Harry Potter and the Philosopher's Stone by J.K. Rowling

Harry Potter and the Philosopher’s stone is arguably the most famous children’s book worldwide. It is extraordinarily successful and as well as being the first of seven books (and further spin-offs), it has also been turned into a blockbuster movie starring Daniel Radcliffe.

The blurb reads as follows:

“Harry Potter thinks he is an ordinary boy – until he is rescued by a beetle-eyed giant of a man, enrols at Hogwarts School of Witchcraft and Wizardry, learns to play Quidditch and does battle in a deadly duel. The reason…  Harry Potter is a Wizard!”

And on the inside flap:

“Follow the adventures of Harry Potter as he discovers the magical, the dangerous, the unpredictable world of Hogwarts School of Witchcraft and Wizardry.”

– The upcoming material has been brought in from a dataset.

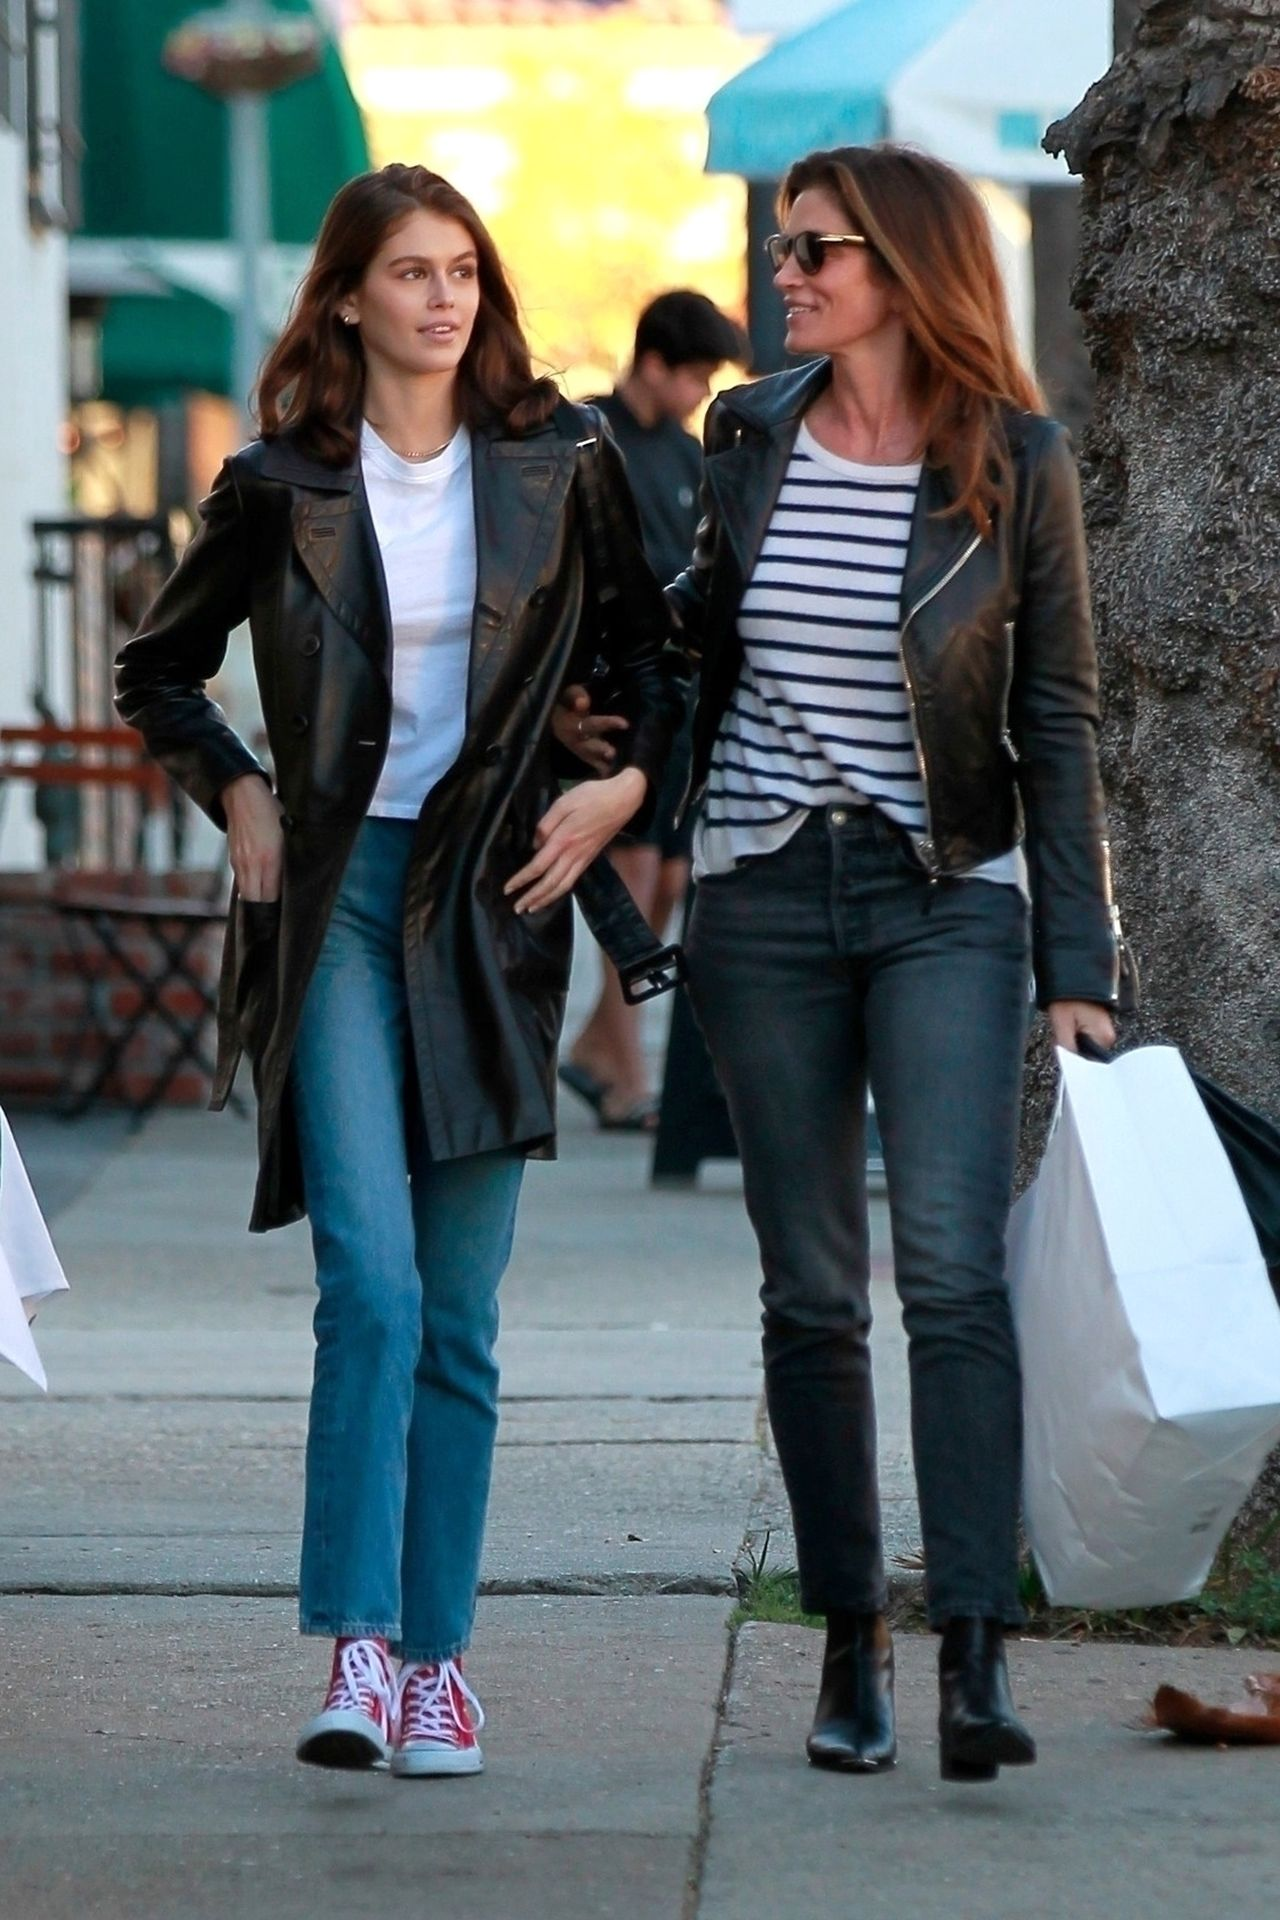 17-letnia Kaia Gerber z mamą, Cindy Crawford na zakupach (ZDJĘCIA)

For those of you living on the moon, the sotry follows Harry, an eleven year old boy as his normal life is suddenly taken (quite gladly) from him. His parents were killed when he was a baby and he had to go and live with his very prim and proper Aunt, Uncle and spoilt cousin, Dudley. This family truly hates anything out of the ordinary or not quite right, and so hate having Harry live with them, although he’s not quite sure why. He lives in a cupboard under the stairs and endures 11 years of misery until he is told, by a mysterious stranger, that he is, in fact, a wizard. But he isn’t just any wizard – he is famous. He is taken to the wizard boarding school, and here, for the first time, makes friends and learns to enjoy himself. We experience his new life before he is plunged into a serious adventure surrounding the terrifying wizard You-Know-Who.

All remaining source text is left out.